True, I've had mantids attack me. They are brutal little animals that don't take crap from anybody, except for the odd quicker bird/lizard/snake/12 year old with a sore thumb from getting bit.....


----------



## Rain_Frog (Apr 27, 2004)

> True, I've had mantids attack me. They are brutal little animals that don't take crap from anybody, except for the odd quicker bird/lizard/snake/12 year old with a sore thumb from getting bit.....


That's one of the funniest things I've heard all day.


----------



## Pumilo (Sep 4, 2010)

In the fifth grade my science teacher showed slides of her vacation to some rainforest area. She showed a slide of a praying mantis holding a nearly decapitated lizard that was bigger than the mantis! I don't remember her name, don't remember where she visited, don't remember any of the other slides. But over 30 years later, that photo is STILL burned into my brain! You see I had a pet lizard at the time.

So fine, maybe you are allowed to. But please...we don't want to hear about it!
Doug


----------



## RNKot (Jun 9, 2010)

Mantis VS Lizard (maybe newt I do not see clear)
http://i.ytimg.com/vi/6dbjCjJQKx8/0.jpg
Mantis VS mice 
http://static-wtb.cheshirecat.net/images/mantis_eats_mouse.jpg

Really a not an option, they are ultimate predators no mater what.
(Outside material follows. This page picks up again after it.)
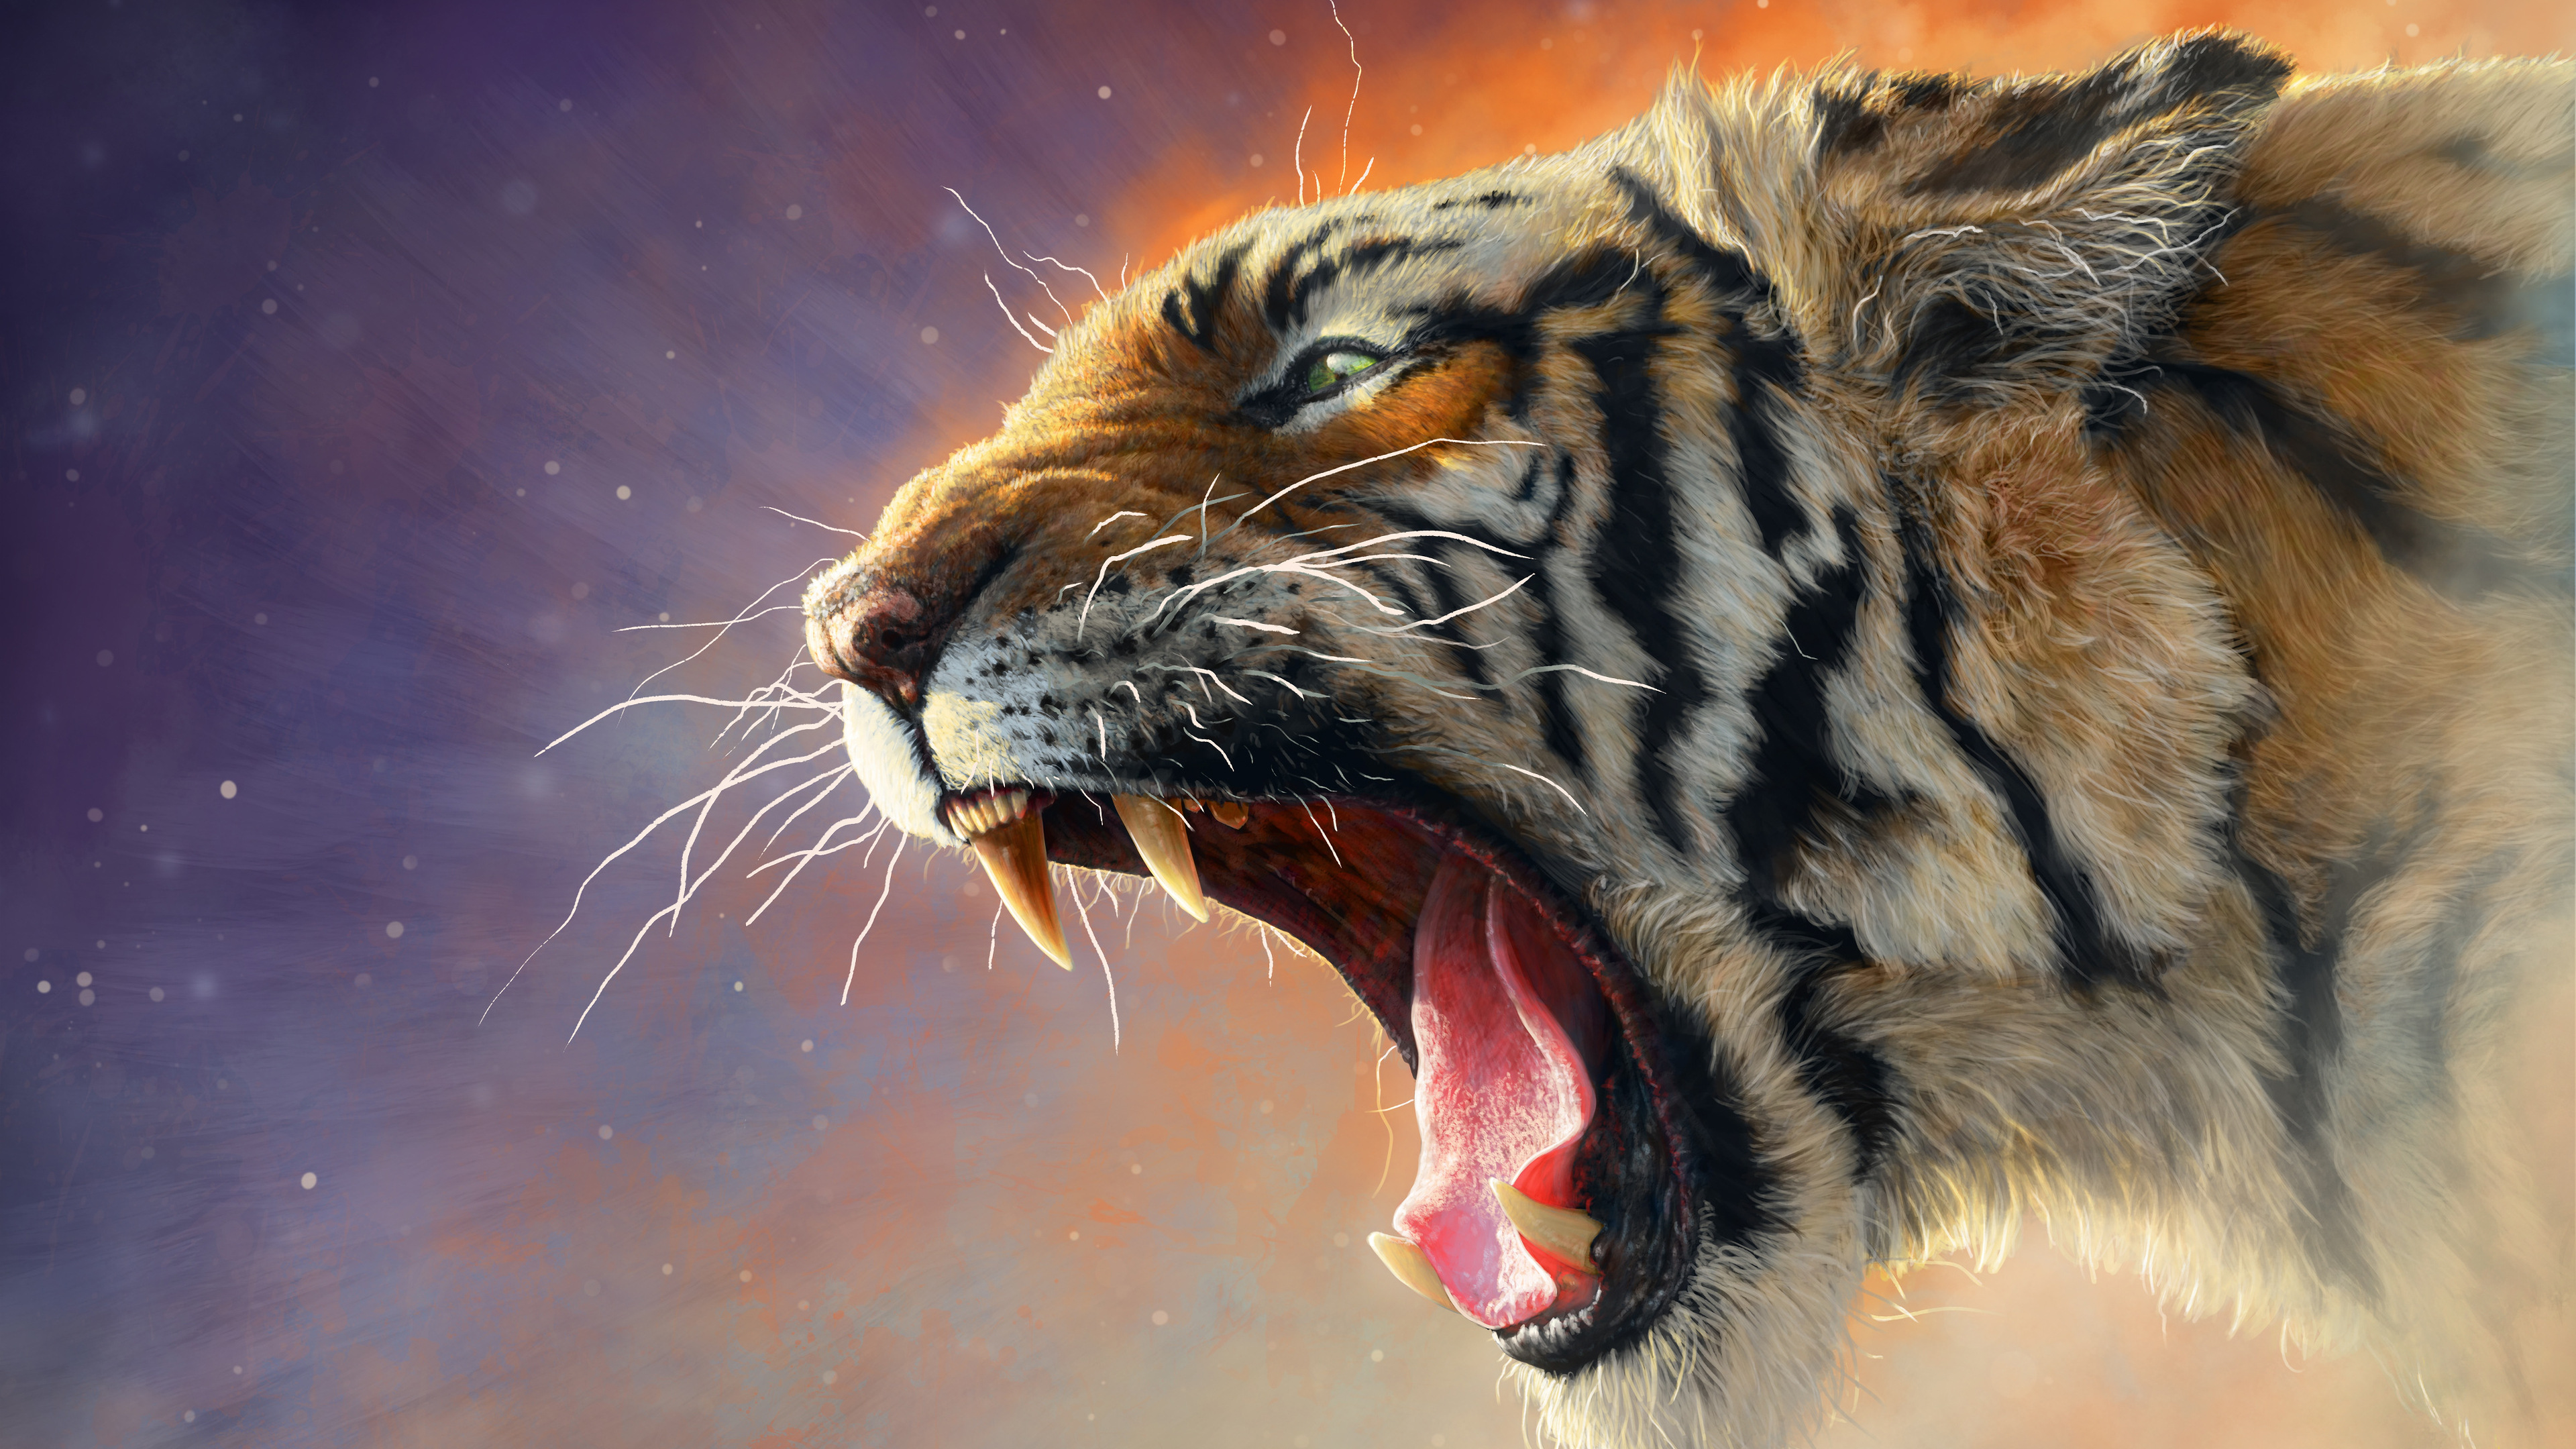 Tiger 4k Ultra HD Wallpaper Background Image

When mantis are young they are a food for a PDF, when mantis are grown - the frog will became a food


----------



## Wallace Grover (Dec 6, 2009)

I personally have a 3 inch Carolina mantis, and she will attack HUGE grasshoppers that are about her size. However, ant mantids or tiny orchid mantids would probably work (albeit if the frog doesnt't eat them).










I think these mantids are way too small to attack a fully grown PDF...


----------



## mbourdon (Dec 21, 2009)

A question along them same line (I think). I have been told that some people have put mantis egg cases in their tanks to provide food for frogs (obviously when they hatch - the mantids, not the frogs). Obviously this would require some attention to ensure that none of the young mantids got too big (and by doing so become dangerous to the frogs), but I was curious if anyone had tried this and what their results had been. I am always looking for other viable food sources to add variety to my frogs diets and this seems like a pretty cool way to accomplish it.


----------



## zBrinks (Jul 16, 2006)

I have fed out young mantids to frogs, but I hatched the ootheca outside the vivarium. I put maybe 10-15 mantids into each vivaria, and they were quickly devoured.


----------



## JimO (May 14, 2010)

If Mantids were 6 feet long, we wouldn't be at the top of the food chain. The mouse and lizard photos are pretty amazing.


----------



## RNKot (Jun 9, 2010)

JimO said:


> If Mantids were 6 feet long, we wouldn't be at the top of the food chain...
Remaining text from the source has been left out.